Song by Eminem

from the album The Slim Shady LP
- Released: February 23, 1999
- Recorded: 1998
- Genre: Hardcore hip hop
- Length: 3:46
- Label: Aftermath; Interscope;
- Songwriters: Marshall Mathers; Jeff Bass; Mark Bass;
- Producers: Bass Brothers; Eminem;

= Brain Damage (Eminem song) =

1999 song by Eminem

"Brain Damage" is a song by American rapper Eminem from his second studio album The Slim Shady LP (1999). It is about his experience with bullying as a child.

==Background==
The song finds Eminem rapping about his childhood experience of being bullied by a boy named DeAngelo Bailey, particularly recounting an incident of being severely beaten by him, with comic exaggeration. In the narrative, Bailey attacks Eminem in the school bathroom, breaking his nose on the urinal, soaking his clothes in blood, and choking him with even the principal coming in and helping the bully. Afterward, Eminem beats Bailey with a broomstick, standing over him with his foot on his chest. Later at home, Eminem suddenly loses his sight and his left ear is bleeding. His mother sees him, assumes he is on drugs, and in anger further injures him by beating him in the head with a remote control until his brain falls out.

In April 1999, Eminem stated in an interview with Rolling Stone, "Motherfucker used to beat the shit out of me. I was in fourth grade and he was in sixth. Everything in the song is true: One day he came in the bathroom, I was pissing, and he beat the shit out of me. Pissed all over myself. But that's not how I got really fucked up." He additionally said in an interview with The Washington Post in July 1999, "All of it is true except for when I say in eighth grade. It was really back in grade school. I think I was in the fourth grade and he was in the sixth grade. I changed little things up just to make the story a little bit more interesting. The whole story is true up until my brain falls out of my head." In the same year, DeAngelo Bailey admitted to bullying Eminem in a Rolling Stone interview: "He was the one we used to pick on. There was a bunch of us that used to mess with him. You know, bully-type things. We was having fun. Sometimes he'd fight back — depended on what mood he'd be in."

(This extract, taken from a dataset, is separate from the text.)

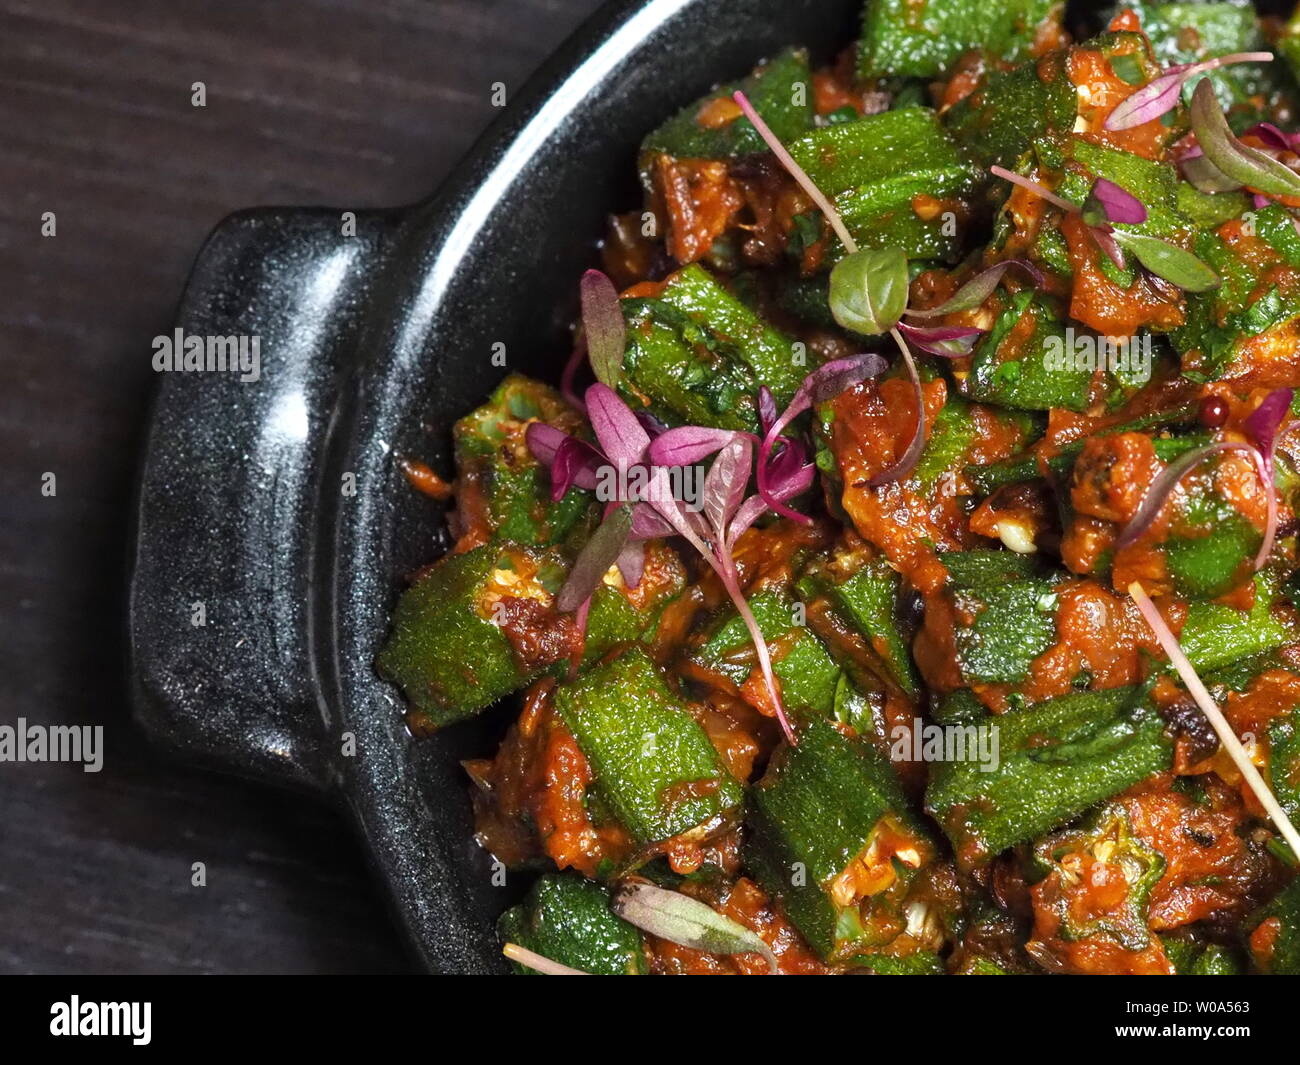 June 2019 - Close Up Of A Plate Of Spicy Baby Okra Curry From A Michelin Starred Restaurant Stock Photo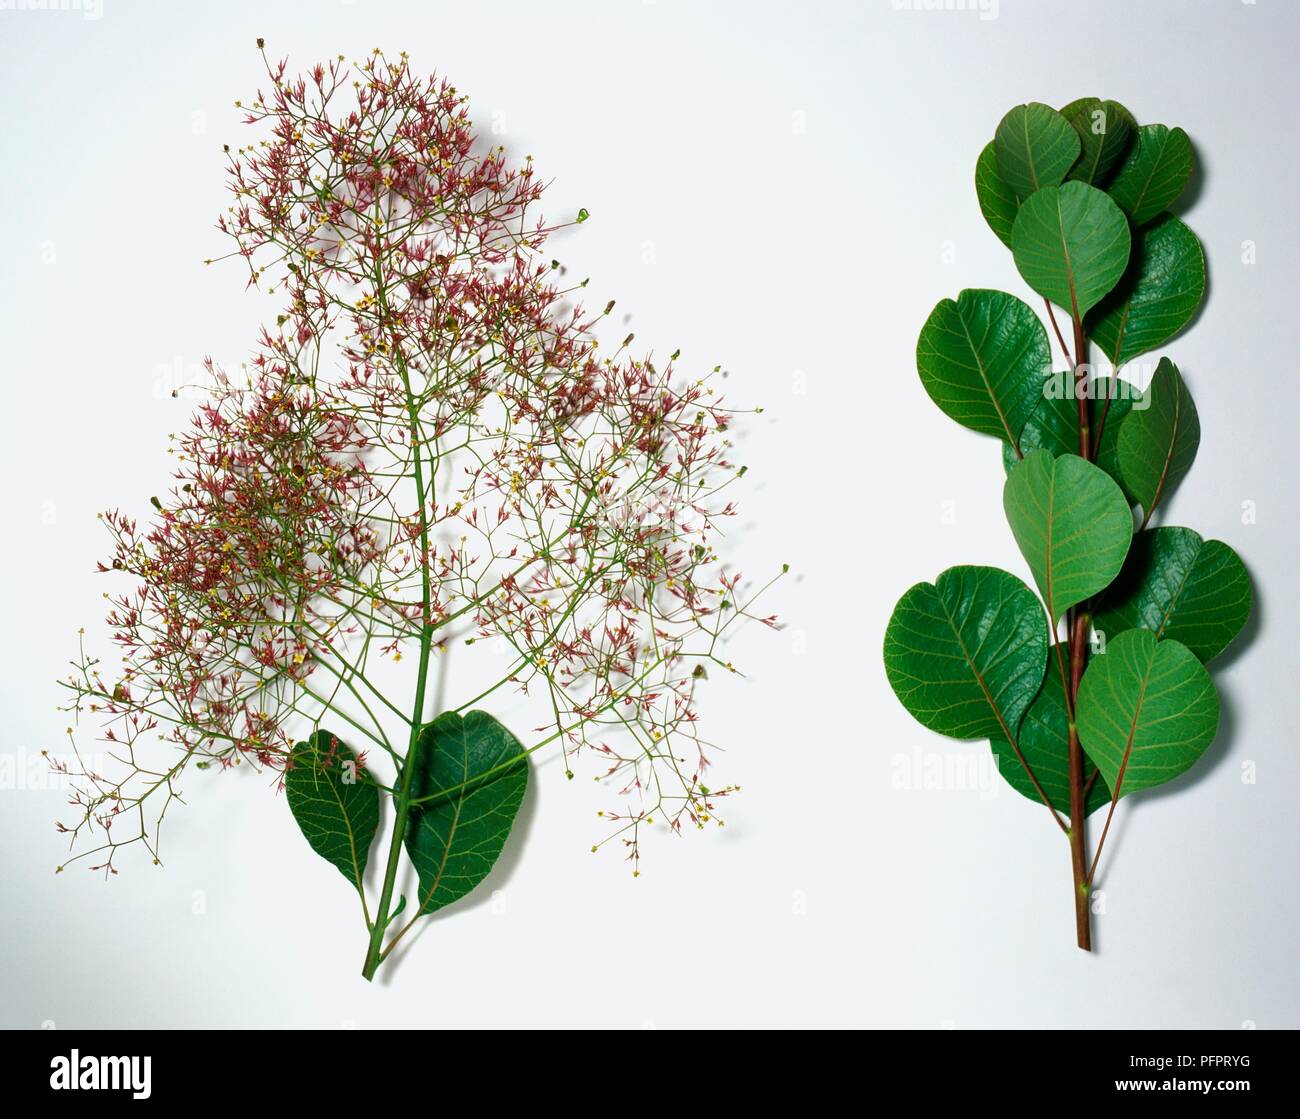 Cotinus coggygria (Smoke tree), stem with flowers and another stem with leaves Stock Photo

While students at Dort Elementary School, Bailey allegedly subjected Eminem to a series of assaults over a period of four months, culminating in an incident in January 1982 in which Bailey threw a snowball at Eminem and hit him into a snowbank, causing Eminem to black out and be hospitalized for traumatic brain injury. Eminem's mother Debbie Mathers later reported, "He had a cerebral hemorrhage and was in and out of consciousness for five days. The doctors had given up on him, but I wouldn't give up on my son." She sued Roseville Community Schools for this in 1982, stating her son suffered a cerebral concussion, post-traumatic headaches, post-concussion syndrome, intermittent loss of vision and hearing, nausea and antisocial behavior as a result. The suit was dismissed in 1983; a Macomb County, Michigan judge said the schools were immune from lawsuits. As for the assault, Bailey boasted to Rolling Stone, "Yeah, we flipped him right on his head at recess. When we didn't see him moving, we took off running. We lied and said he slipped on the ice. He was a wild kid, but back then we thought it was stupid. Hey, you have his phone number?"

==Lawsuit==

In August 2001, DeAngelo Bailey filed a $1 million lawsuit against Eminem for slander and invasion of privacy, claiming he only "bumped" him and gave him a "little shove". In 2003, the lawsuit was dismissed by judge Deborah Servitto, who wrote her ruling in the form of rap-like rhyme: "Mr. Bailey complains that his rap is trash / So he's seeking compensation in the form of cash / Bailey thinks he's entitled to some monetary gain / Because Eminem used his name in vain / The lyrics are stories no one would take as fact / They're an exaggeration of a childish act / It is therefore this court's ultimate position / That Eminem is entitled to summary disposition." The verdict was upheld in 2005, and Bailey's lawyer ruled out any further appeals.